The 2,2’-azino-bis(3-ethylbenzothiazoline-6-sulfonic acid) (ABTS) radical scavenging activity of RPH fractions was determined according to the procedure of Wu et al.63. In brief, the ABTS free radicals were produced from the reaction of 7 mM ABTS reagents in H2O and 2.45 mM potassium persulfate, stored in the dark at 4 °C for 16 h. The various concentrations of RPH fractions were mixed with 180-μL ABTS free radicals and then maintained for 10 min in the dark at room temperature. The absorbance of the final mixture was measured at 734 nm.

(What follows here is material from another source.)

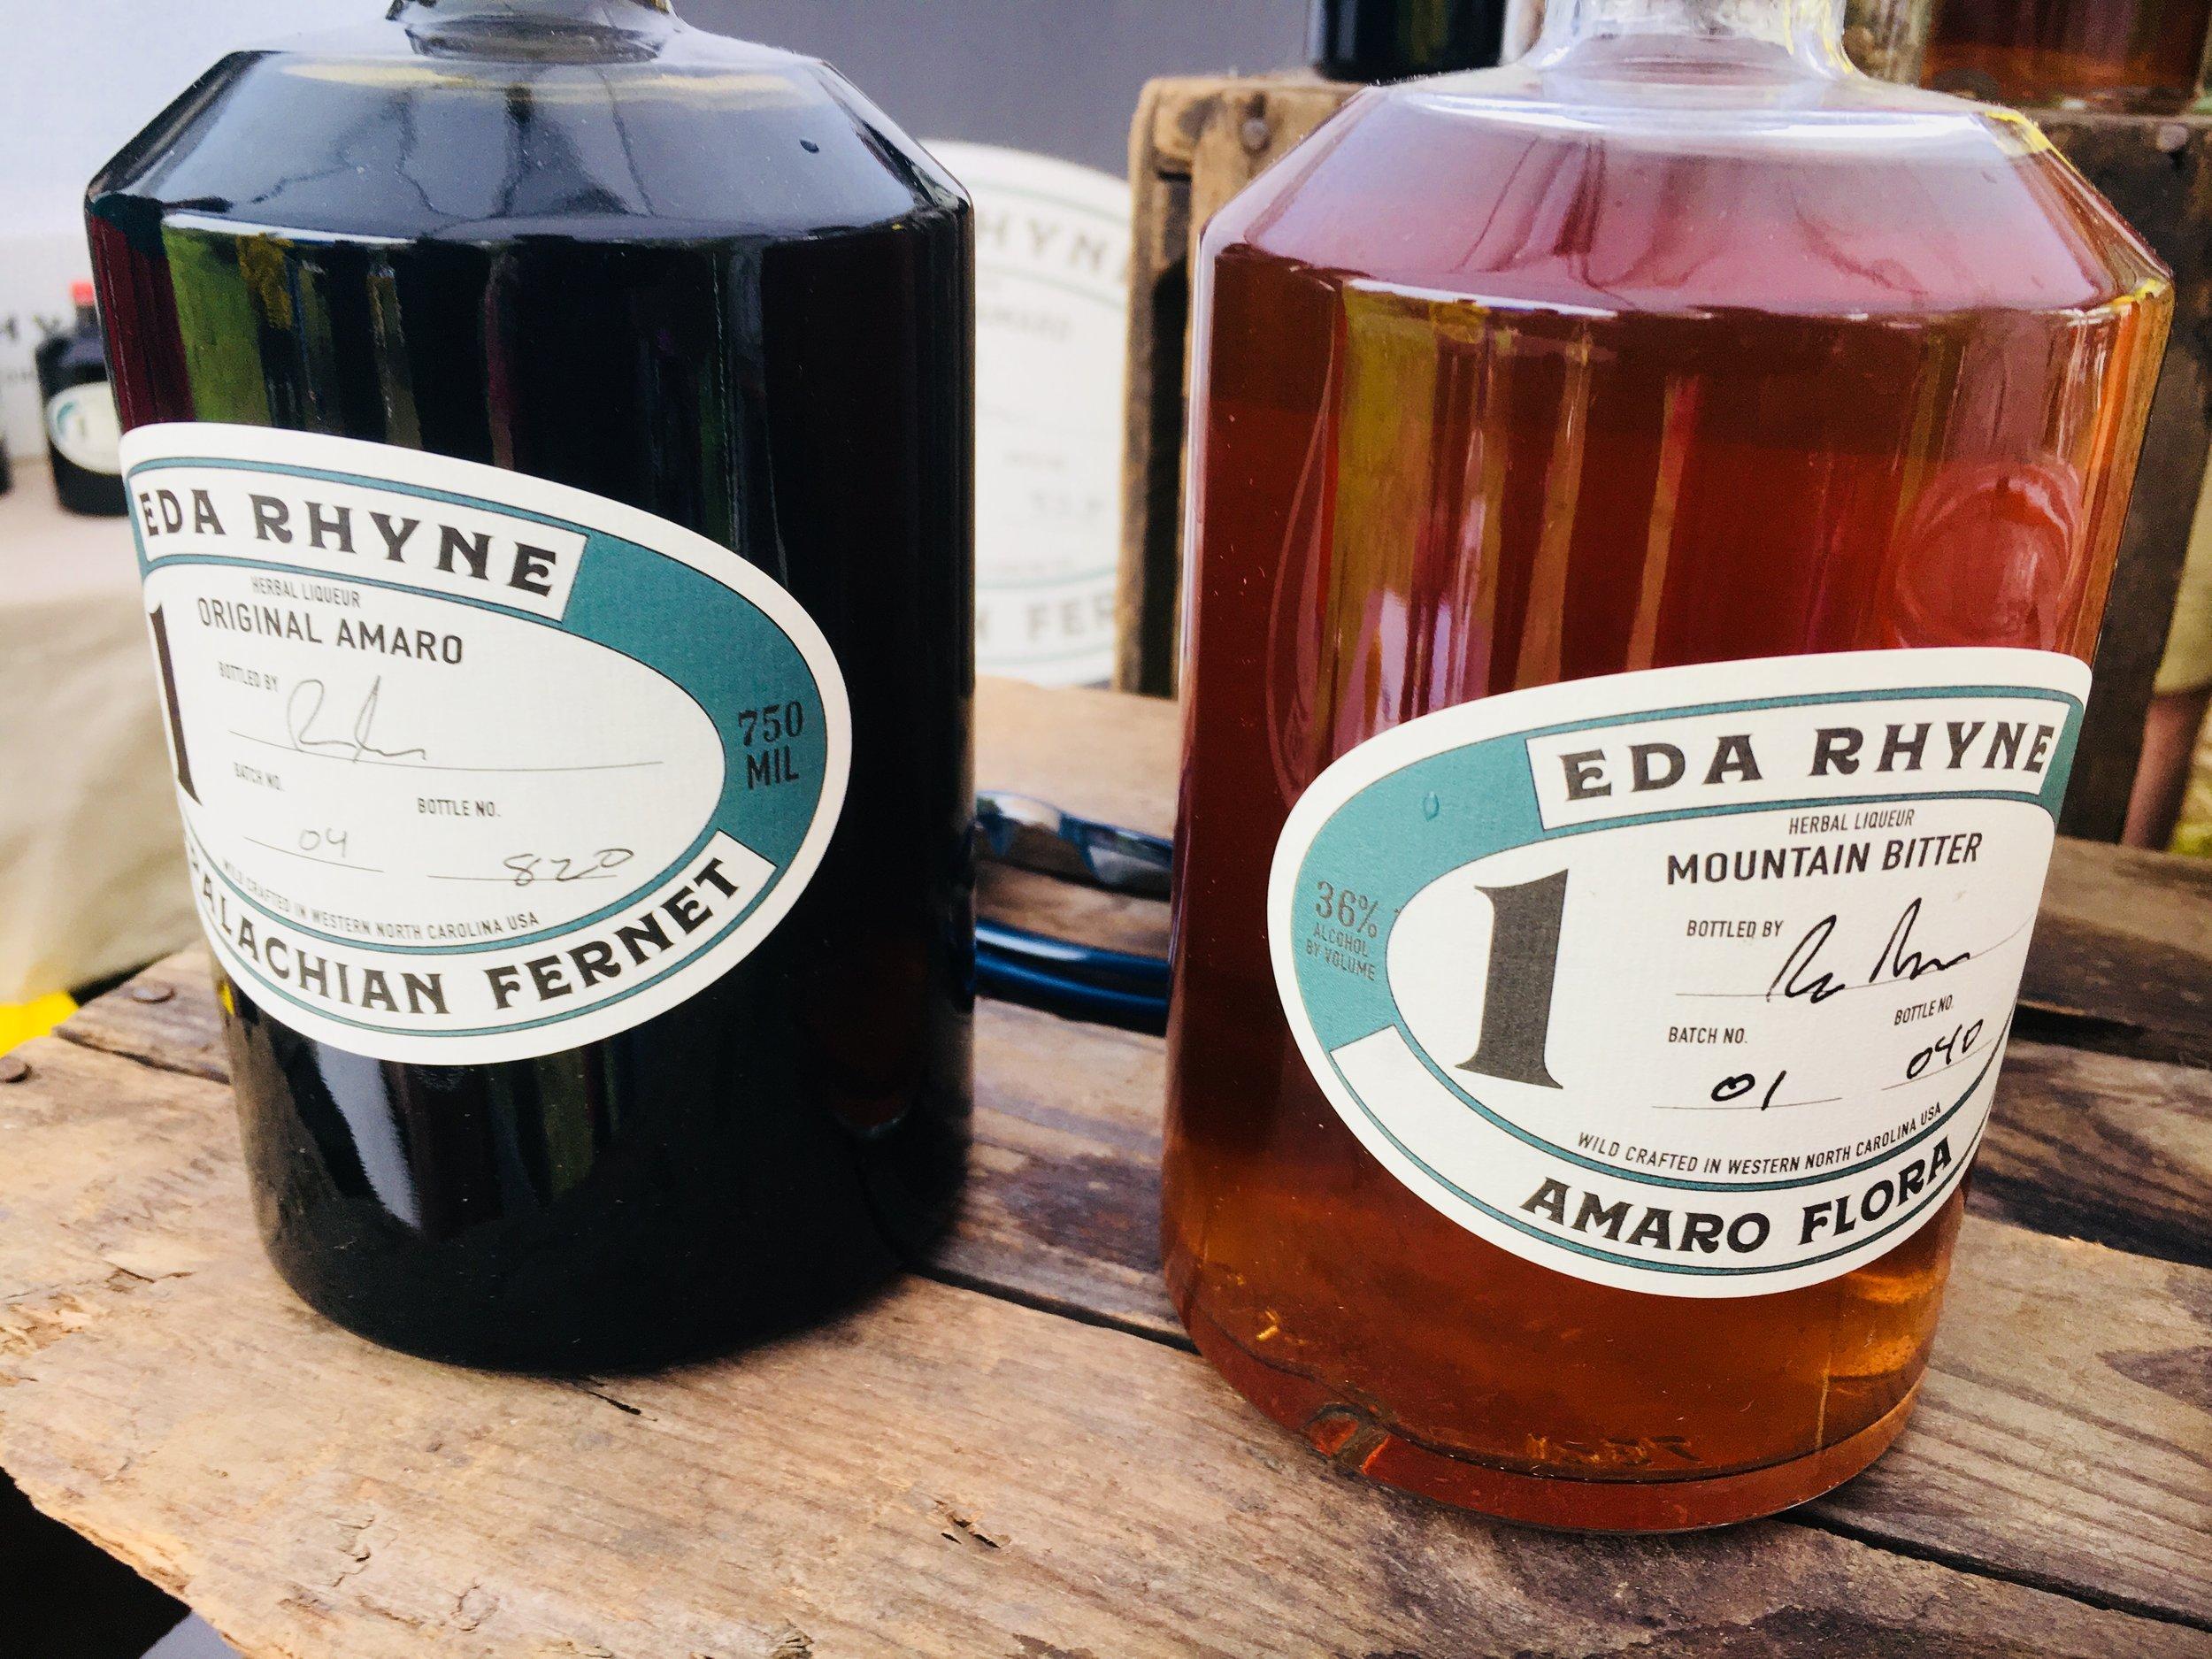 Eda Rhyne Distillery

$${\text{ABTS}}^{ +}\cdot \left( {{\text{blue-green}}} \right) \, + {\text{ AH}}\rightarrow {\text{ABTS }}\left( {\text{pale blue}} \right) \, + {\text{ H}}^{ + } + {\text{ A}\cdot}$$

Reducing power

The reducing power of canola protein hydrolysates was measured according to Lin et al.64, with some modifications. Briefly, RPH samples were dissolved in a 0.2 M phosphate buffer (pH 6.6). An aliquot (200 μL) of sample solution was then added to 100 μL of a 1% potassium ferricyanide solution and incubated at 50 °C for 20 min. After incubation, DI water (400 μL) and a ferric chloride solution (0.1%, 100 μL) were added. The absorbance of the reaction mixture was then recorded immediately at 700 nm. A high absorbance indicated a high reducing power. A control without any hydrolysates and a blank containing only hydrolysate samples were used in experiments. The reducing power was reported in terms of micrograms of ascorbic acid equivalents per gram of dry RPH sample (mg AAE/g RPH).

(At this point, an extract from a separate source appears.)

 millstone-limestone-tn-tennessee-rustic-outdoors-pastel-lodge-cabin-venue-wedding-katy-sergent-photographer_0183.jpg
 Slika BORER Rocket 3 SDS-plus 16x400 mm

$${\text{K}}_{{3}} {\text{Fe}}\left( {{\text{CN}}} \right)_{{6}}\left( {{\text{yellow}}}\right)\ + {\text{ Antioxidant}}\rightarrow {\text{K}}_{{4}} {\text{Fe}}\left( {{\text{CN}}} \right)_{{6}} + {\text{ Antioxidant-}}{\mathrm{oxide}}$$
$${\text{3K}}_{{4}} {\text{Fe}}\left( {{\text{CN}}} \right)_{{6}} + {\text{ 4Fe}}^{{{3} + }} \rightarrow {\text{Fe}}_{{4}} \left[ {{\text{Fe}}\left( {{\text{CN}}} \right)_{{6}} } \right]_{{3}}\left( {{\text{dark blue}}} \right) \ + {\text{ 12K}}^{ + }$$

Oxygen radical absorbance capacity

An oxygen radical absorbance capacity (ORAC) assay was conducted per the method in the literature65. Briefly, 100 μL of fluorescein (10 μM) and a 50 μL sample (0.1 mg/mL) of Trolox (15–250 μM) were transferred into a 96-well plate. Subsequently, 50 μL of 2, 2’-azobis(2-methylpropionamidine) dihydrochloride (500 mM) was added and the fluorescence of the mixture was recorded for 2 h at 485-nm excitation and 528-nm emission in a Synergy LX microplate reader (BioTek, Winooski, VT, USA). The ORAC was reported in terms of micromoles of Trolox equivalents (TE) per gram of dry RPH sample (µmol TE/g RPH)65.

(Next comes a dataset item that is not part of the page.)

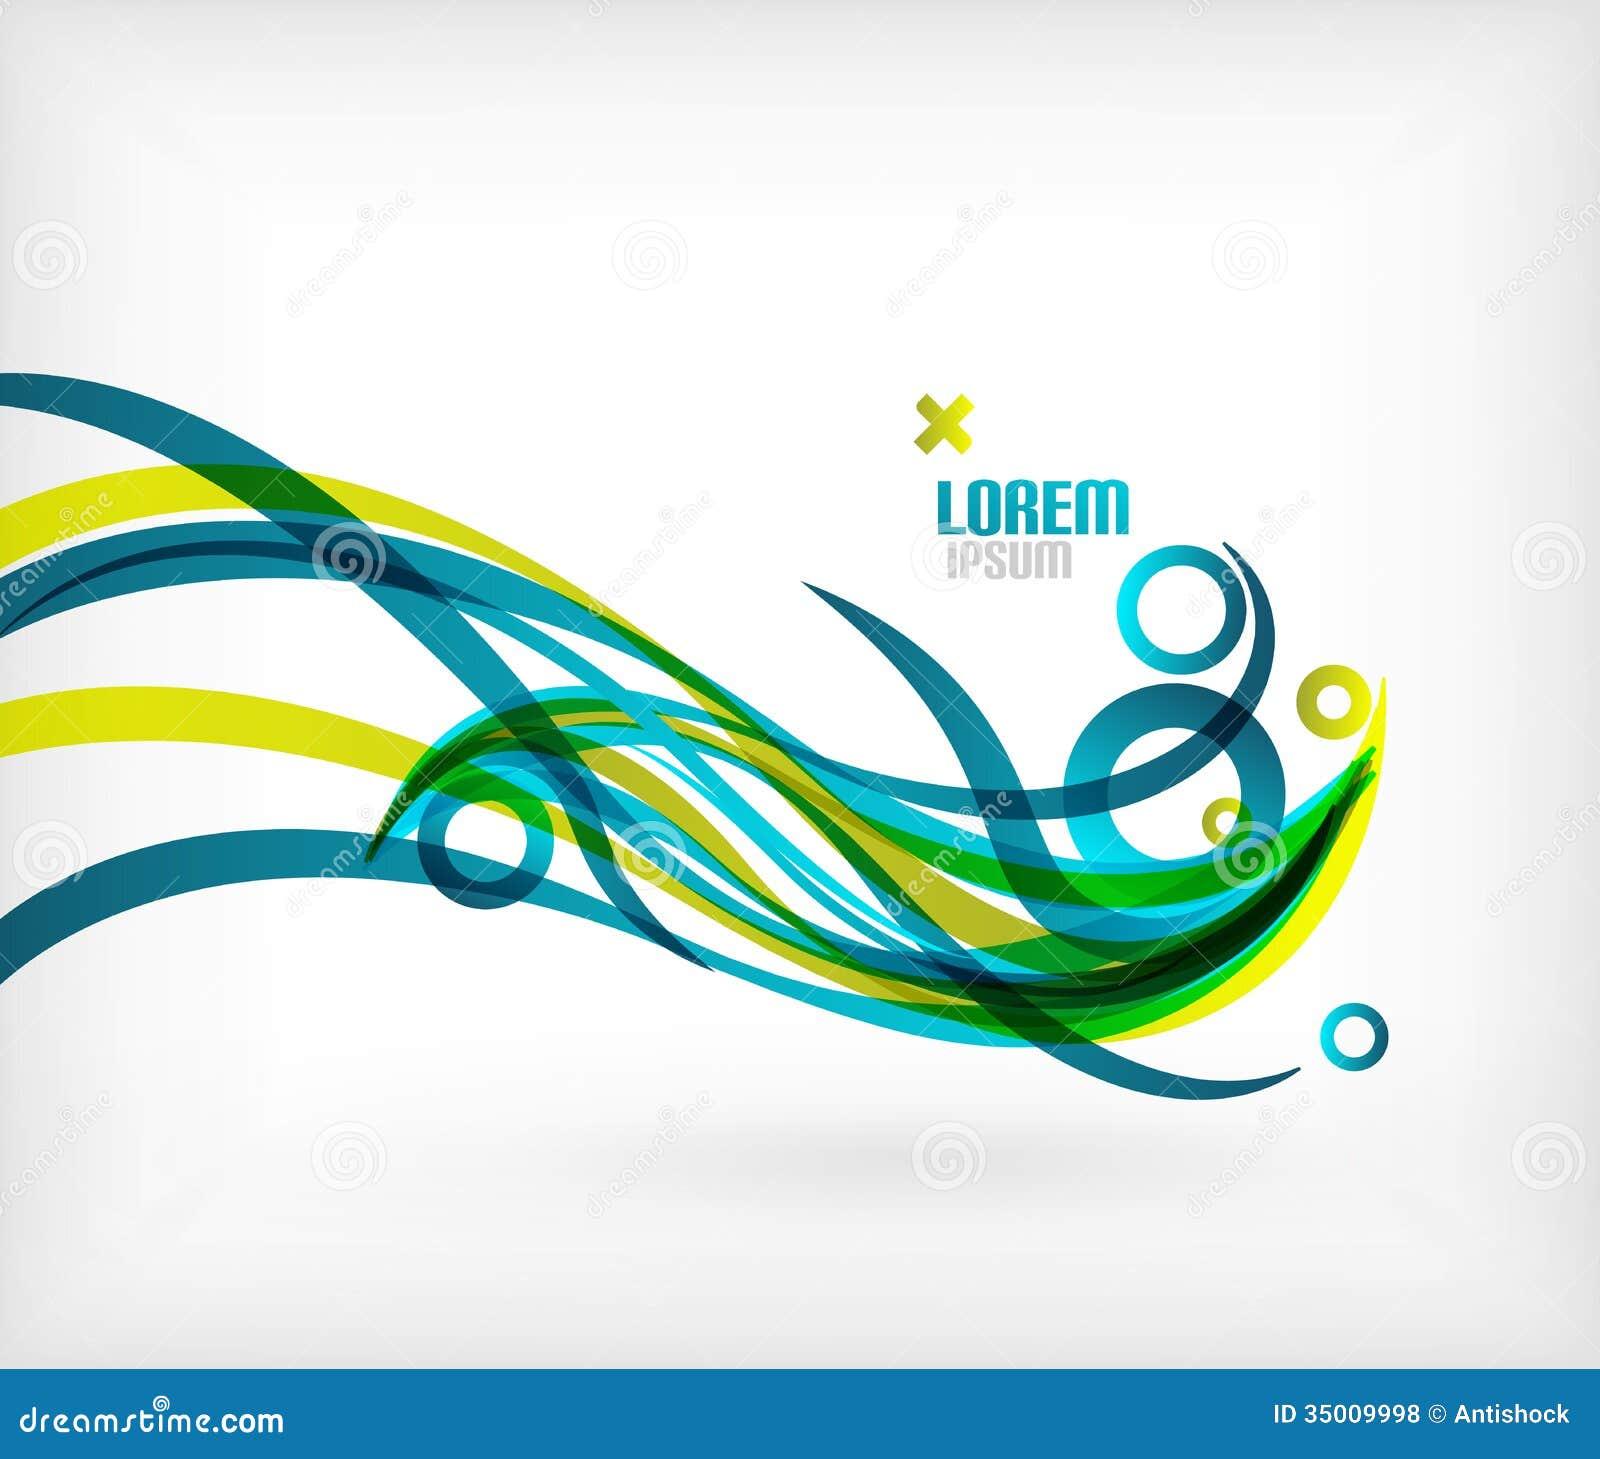 Designer Lines : Blue abstract wave lines minimal design stock vector

$${\text{ROO}}\cdot + {\text{ AH}} \to {\text{ROOH}} + {\text{A}\cdot}$$
$${\text{ROO}}\cdot + {\text{ FLH}} \to {\text{ROOH}} + {\text{FL}\cdot}$$

Statistical analysis

All experiments were performed in greater than triplicate. Data were recorded as mean ± standard deviation (SD), and statistical analysis using one-way analysis of variance and Duncan's post hoc test were executed in SPSS (version 20.0; SPSS, Armonk, NY, USA). Statistical significance was indicated by p < 0.05. A Pearson correlation test was performed to highlight the correlation coefficients among the means.

Ethical approval

Oryza sativa plants were used in this study. Oryza sativa was obtained from the Agricultural Experiment Station, College of Agriculture and Natural Resources, National Chung-Hsing University (Taichung, Taiwan) were kindly provided by Dr. Wang Chang-Sheng (Taichung, Taiwan). The experimental research on plants complied with the relevant institutional, national, and international guidelines and legislation.